Disallow: /morelikethis/
Disallow: /download/
Disallow: /checkout/
Disallow: /global/
Disallow: /api/
Disallow: /critiques/

Sitemap: http://sitemaps.deviantart.net/sitemap-index.xml.gz

the parser fails with

thread 'main' panicked at 'assertion failed: !val.is_empty()', /home/me/.local/share/cargo/registry/src/github.com-1ecc6299db9ec823/robotstxt-0.2.0/src/parser.rs:207:17

Reproduction:

use robotstxt::DefaultMatcher;

fn main() {
    let robots_content = r#"User-agent: *
Disallow: /*q=
Disallow: /users/*?
Disallow: /join/*?
Disallow: /morelikethis/
Disallow: /download/
Disallow: /checkout/
Disallow: /global/
Disallow: /api/
Disallow: /critiques/

Sitemap: http://sitemaps.deviantart.net/sitemap-index.xml.gz"#;
    let mut matcher = DefaultMatcher::default();
    matcher.one_agent_allowed_by_robots(&robots_content, "oldnews", "https://www.deviantart.com/");
}

I'm assuming it is because of the line between the Disallows and the Sitemap, which only contains a single space.

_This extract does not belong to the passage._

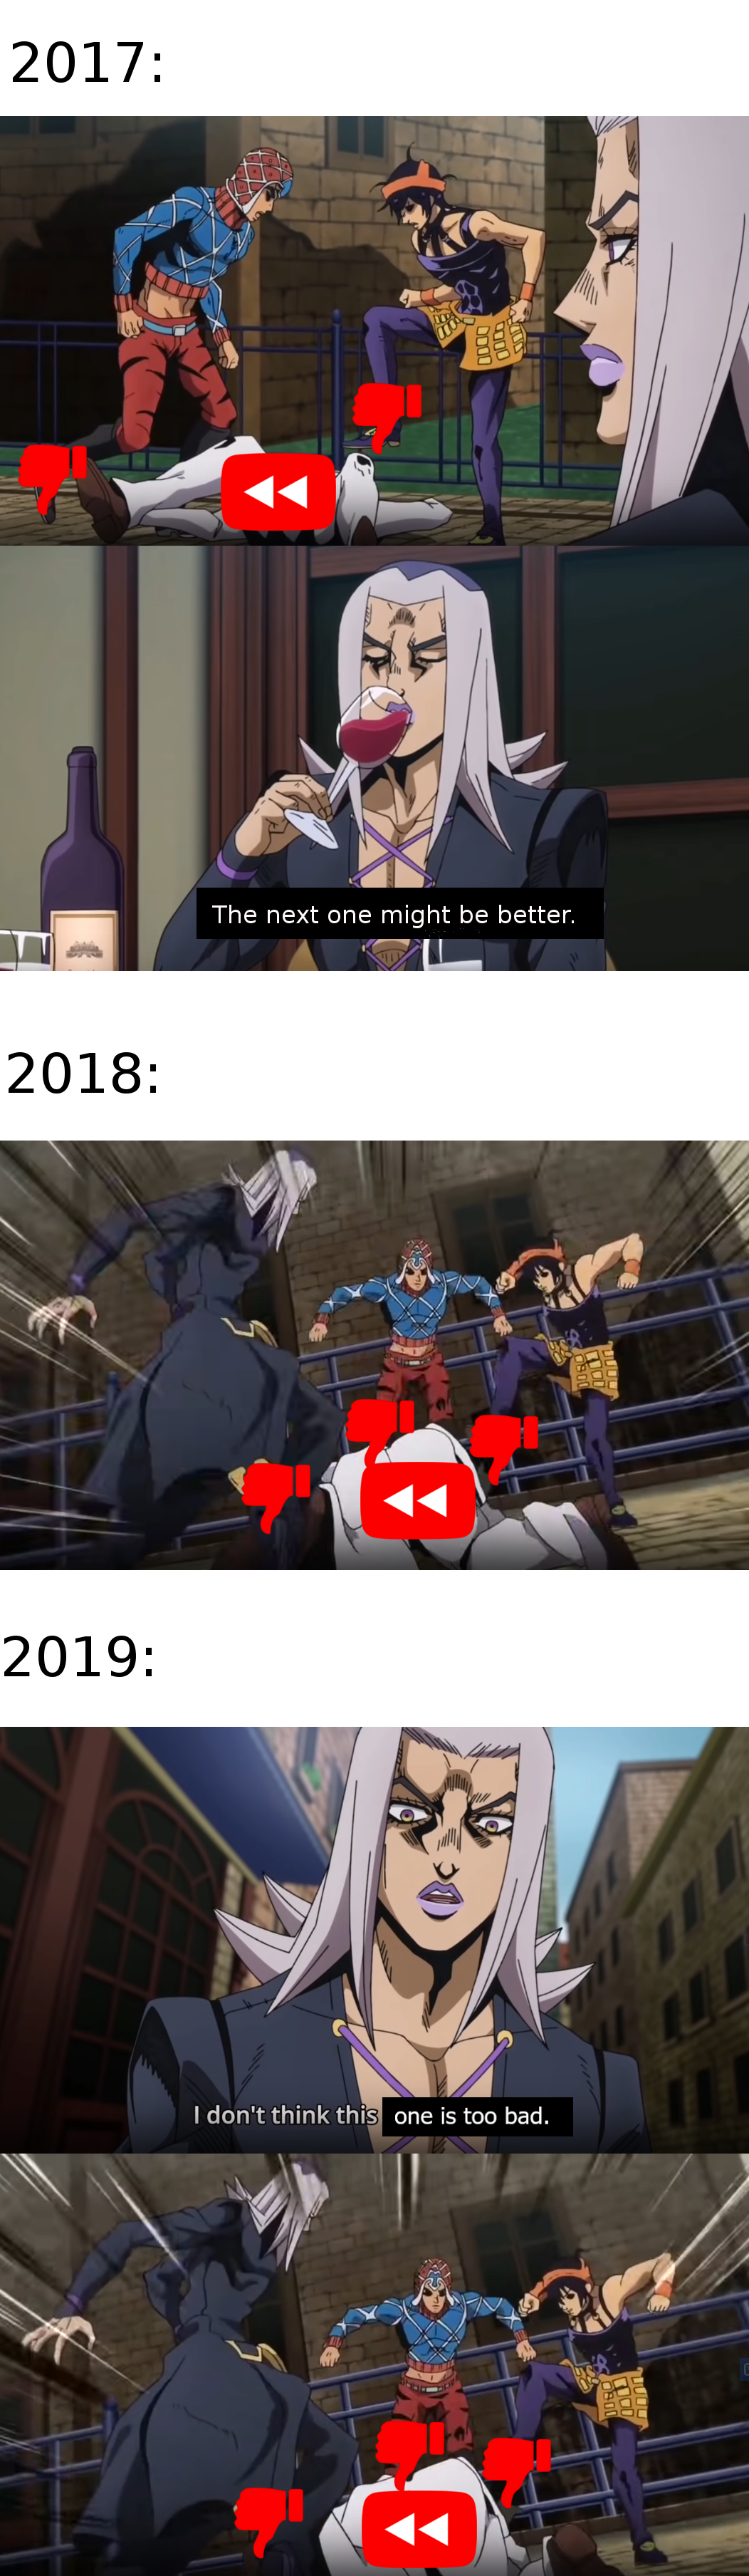 The new rewind is just boring and not memeable like the last one

iyzana commented 3 years ago

It seems someone else patched this bug on their fork: https://github.com/scascketta/robotstxt/commit/ffe972d507a0a30a21b0b164329f9a1fff73ce85

Folyd commented 3 years ago

Hi @iyzana. Hugely thanks for your feedback. 👍 This has been fixed via 67475a1.